Korean historical astronomy closely mirrors that of China. For an in-depth understanding of the terminology related to astronomical and night-hour systems, refer to the study by Lee (2012, 2023) and Lee et al. (2012). Here, we provided a brief overview of the celestial sphere system and its angular units. The celestial sphere was divided into three yuan (hereafter, enclosure) surrounding the North Pole and four cardinal directions (East, West, South, and North) including each seven Su (i.e., lunar mansion); hence, it comprises a structure of three enclosures and 28 lunar mansions. These enclosures and lunar mansions comprise multiple constellations, including a namesake constellation for each enclosure and lunar mansion. For example, the mao (18th) lunar mansion in the West includes nine constellations, such as yue, juanshe, and tianyin, in addition to the mao constellation itself. Notably, the term xing was employed to denote various entities: constellations (e.g., can xing, i.e., Orion), stars (e.g., hegu da xing, i.e., Altair), and planets (e.g., shui xing, i.e., Mercury). As an example, Figure 1 presents a segment of the Cheonsang-Yeolcha-Bunyaji-Do, a traditional Korean star chart engraved in stone in 1395 (Rufus 1913). This star chart centers on the North Pole, with radial lines demarcating the 28 lunar mansions, and utilizes an equidistant projection method to depict stars. Particularly, a star located at the radial boundary of a lunar mansion is termed suju xing, serving as a determinative star for that mansion. For example, the determinative star for the can (twenty-first) lunar mansion is δ Ori (Figure 1).

Figure 1

A part of Cheonsang-Yeolcha-Bunyaji-Do (source: Kyujanggak Institute for Korean Studies) showing constellations referred to this study: (a) (tian)ce, (b) yujing, (c) canqi, (d) tianjie (Cheonjeol in Korean pronunciation, hereafter refer to tianjie A), (e) tianjie (Cheonga in Korean pronunciation, hereafter refer to tianjie B), (f) mao, (g) juanshe, and (h) daling constellations. The fifteenth, sixteenth, seventeenth, eighteenth, nineteenth, twentieth, and twenty-first indicate the regions of the kui, lou, wei, mao, bi, zi, and can lunar mansions, respectively. The constellation marked with a white circle in the eighteenth lunar mansion is yue constellation consisting of one star. For reference, the red dotted circle represents the circumpolar circle, and the constellations marked with red dotted lines are the beidou (Big Dipper) and can (Orion) constellations on the left- and right-hand sides, respectively.

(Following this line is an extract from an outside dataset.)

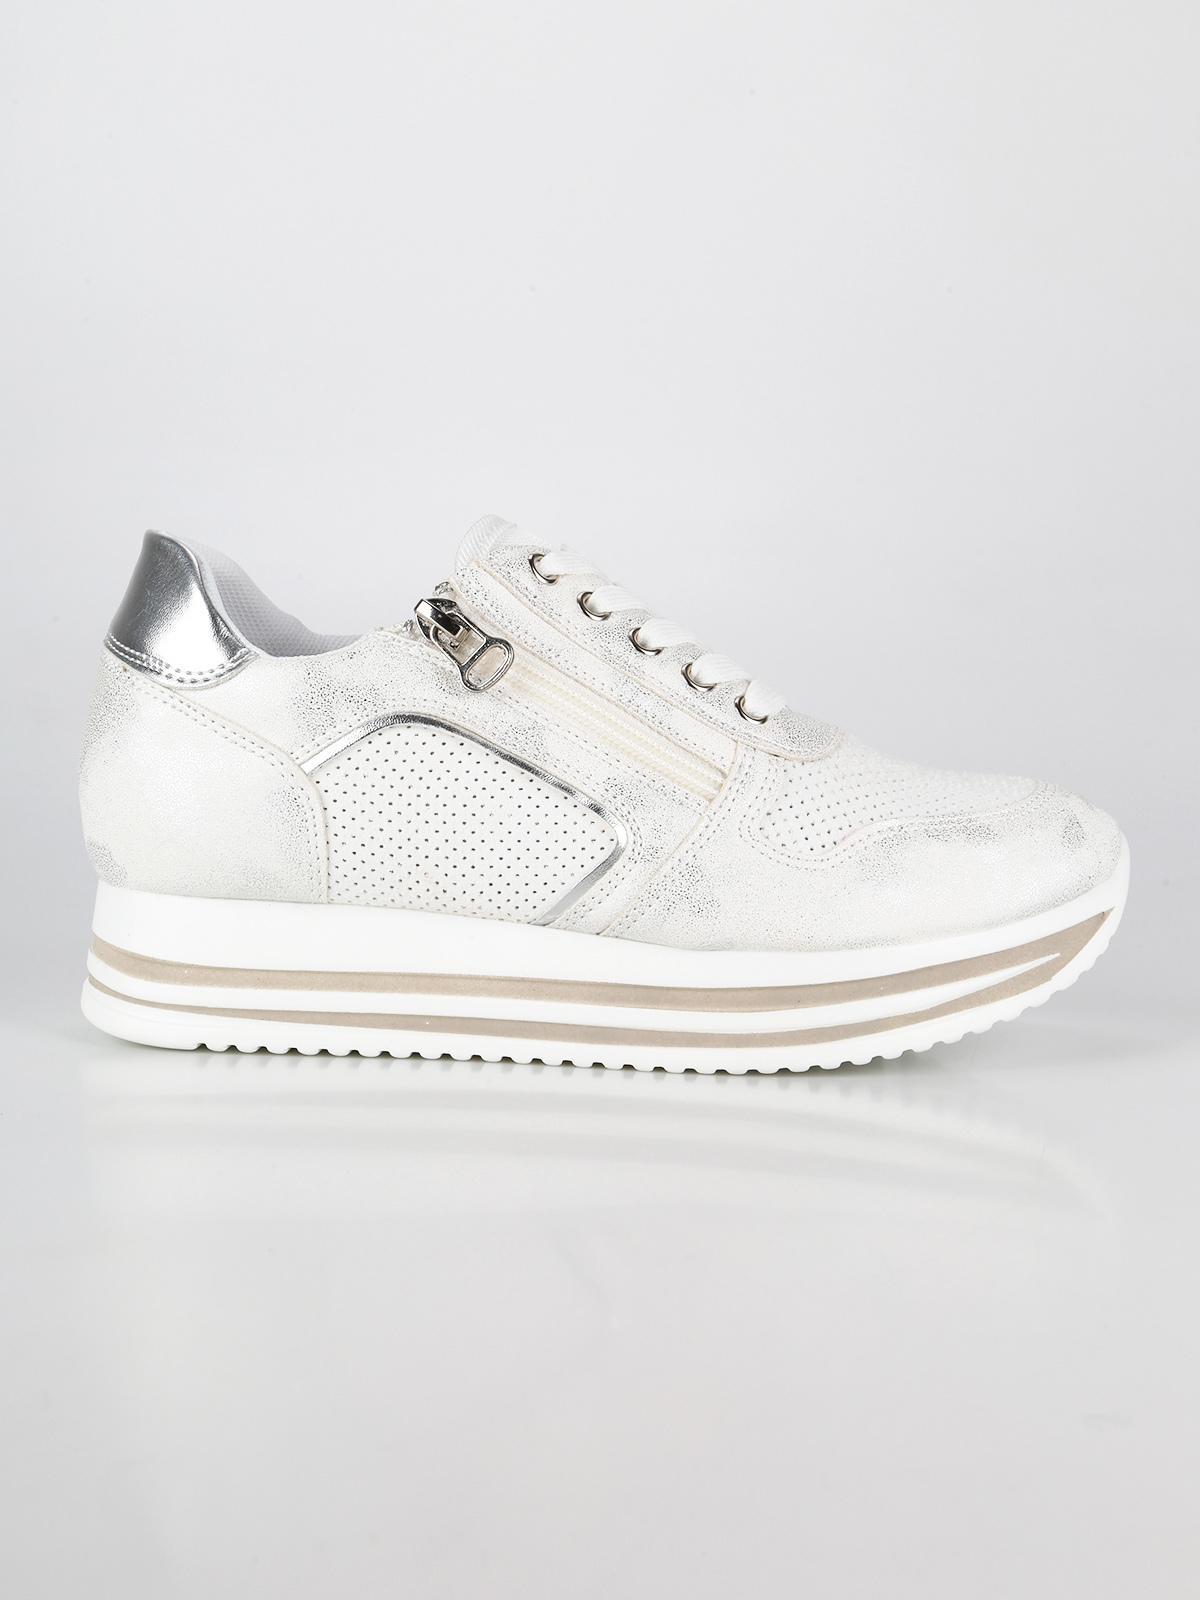 new styles d2fb5 506e9 Scarpe casual con zeppa interna energy footwear | MecShopping

The units xiao (small, in literal; 1/4 du), ban (half, in literal; 2/4 du), tai (large, in literal; 3/4 du), qiang (strong, in literal; +1/12 du), and ruo (weak, in literal; −1/12 du) represent fractions of du, an angular unit. For example, 7 du and qiang equals 85/12 du (which is 7 + 1/12 du), and 1 du is roughly equivalent to 0.9856° (= 360°/365.2575 du) before 1654 in Korea. Lastly, we determined the night length (i.e., from evening twilight time to morning twilight time the next day), equally divided into five intervals, and obtained the duration of each interval, named the geng (hereafter referred to as watch). We found that the mean duration of each watch was approximately 2.6 h for the period from December 19, 1652 to January 9, 1653. Assuming the observation time to be the midpoint of the watch recorded in the historical texts, unless indicated otherwise, the uncertainty in time estimation is approximately ± 1.3 h.

2.3 Korean records

According to Pienaar (1948), comet C/1652 Y1 was first sighted by Jan van Riebeeck on the evening of December 17, 1652 in Cape Town, South Africa. As illustrated in Figure 2, this comet was observed by a Dutch on the evening of December 16, 1652 in Recife, Brazil. On the other hand, Silgi records indicate that observations of comet C/1652 Y1 spanned 22 days from December 19, 1652 (the 22nd day in China, according to Kronk (1999)) to January 9, 1653 (the twentieth day in Europe, according to Knobel (1897, 1918)). The absence of Korean records in previous studies, such as the work of Kronk (1999), may be attributed to the comet being termed bai xing (white star, in literal) in Sillok, Silgi, and Dilgi, and classified as a ke xing (guest star, in literal) in Bigo. We provide English translations of the records on comet C/1652 Y1 primarily from Silgi and Dilgi, which offer more detail than Sillok and Bigo, in the Appendix. We also provide Korean original texts, which are written in traditional Chinese characters. These records are presented in consecutive order, starting with the letter A. In the Appendix, dates are converted to the Gregorian calendar following Han (2001), yet the angles and night hours retain their original measurements in du and watch, as documented.

Figure 2

Drawing of comet C/1652 Y1 observed by a Dutch on December 16, 1652 at Recife in Brazil (source: British Museum).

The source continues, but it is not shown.